How do you educate a generation of students eternally distracted by the internet, cellphones and video games? Easy. You enable them by handing out free iPhones — and then integrating the gadget into your curriculum.
That’s the idea Abilene Christian University has to refresh classroom learning. Located in Texas, the private university just finished its first year of a pilot program, in which 1,000 freshman students had the choice between a free iPhone or an iPod Touch.
The initiative’s goal was to explore how the always-connected iPhone might revolutionize the classroom experience with a dash of digital interactivity. Think web apps to turn in homework, look up campus maps, watch lecture podcasts and check class schedules and grades. For classroom participation, there’s even polling software for Abilene students to digitally raise their hand.

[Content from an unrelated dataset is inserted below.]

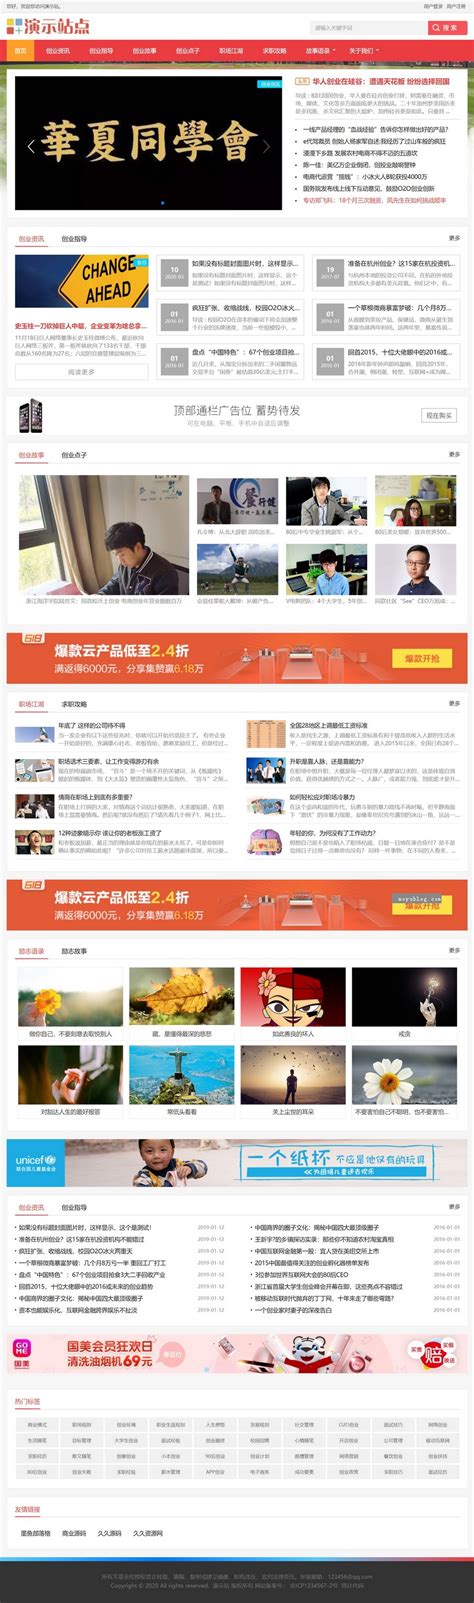 仿杨青青个人博客模板响应式自适应HTML5整站帝国cms模板 - 素材火

The verdict? It’s working quite well. 2,100 Abilene students, or 48 percent of the population, are now equipped with a free iPhone. Fully 97 percent of the faculty population has iPhones, too. The iPhone is aiding Abilene in giving students the information they need — when they want it, wherever they want it, said Bill Rankin, a professor of medieval studies who helped plan the initiative. . . .

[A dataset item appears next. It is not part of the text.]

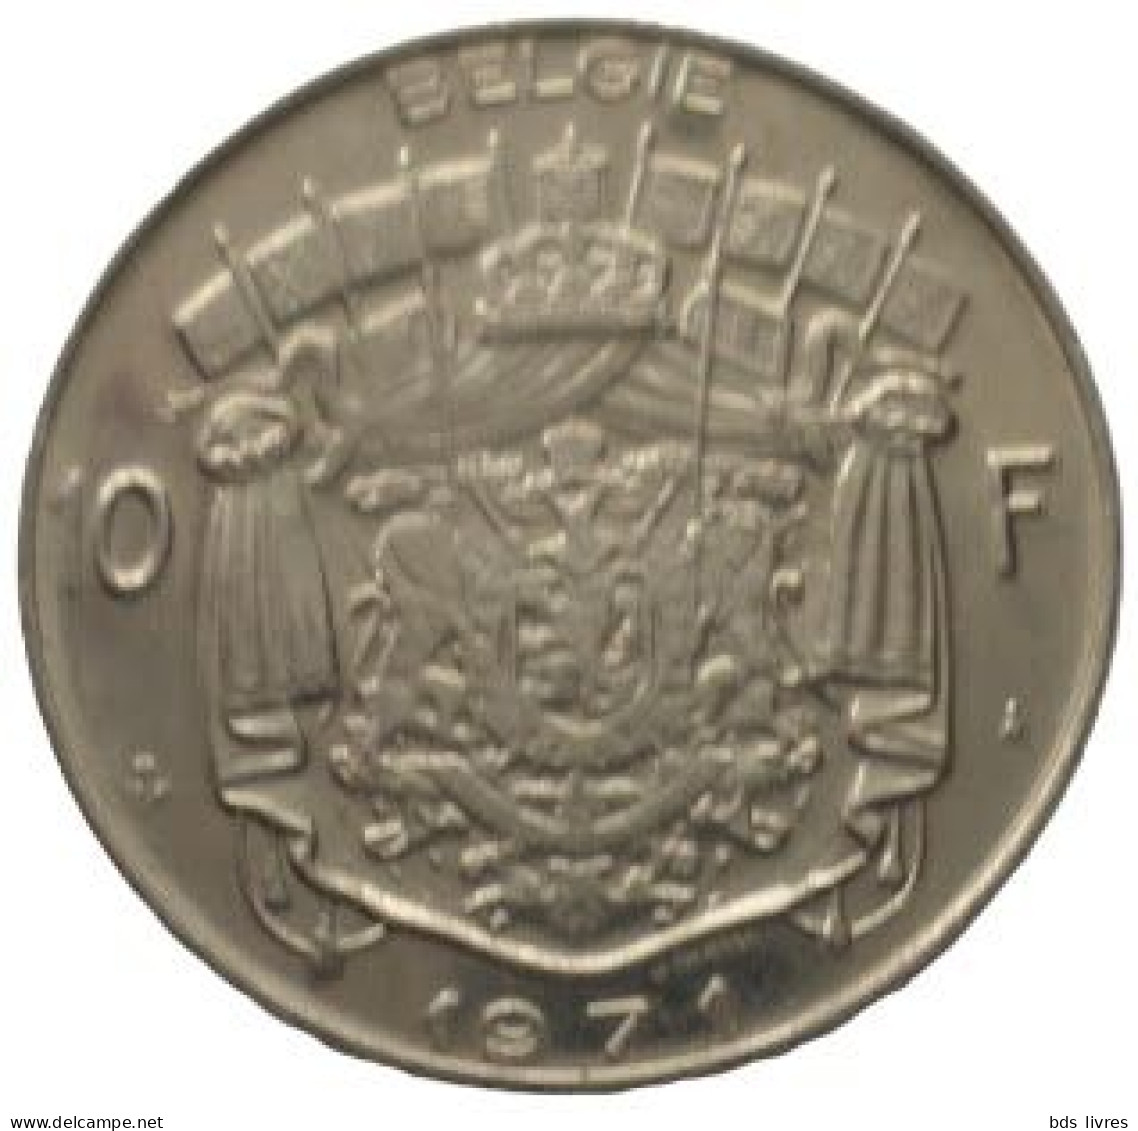 Baudouin BELGIE 10 Frank (10 Francs)  Année 1971 (Flamande)  -- Pièce Non Nettoyée  (voir Images) - 10 Frank

The traditional classroom, where an instructor assigns a textbook, is heading toward obsolescence. Why listen to a single source talk about a printed textbook that will inevitably be outdated in a few years? That setting seems stale and hopelessly limited when pitted against the internet, which opens a portal to a live stream of information provided by billions of minds. . . .
These are the specific educational problems Abilene is targeting with the iPhone. Instead of standing in front of a classroom and
talking for an hour, Rankin instructs his students to use their iPhones to look up relevant information on the fly. Then, the students can discuss the information they’ve found, and Rankin leads the dialogue by helping assess which sources are accurate and useful.
It’s like a mashup of a 1960s teach-in with smartphone technology from the 2000s.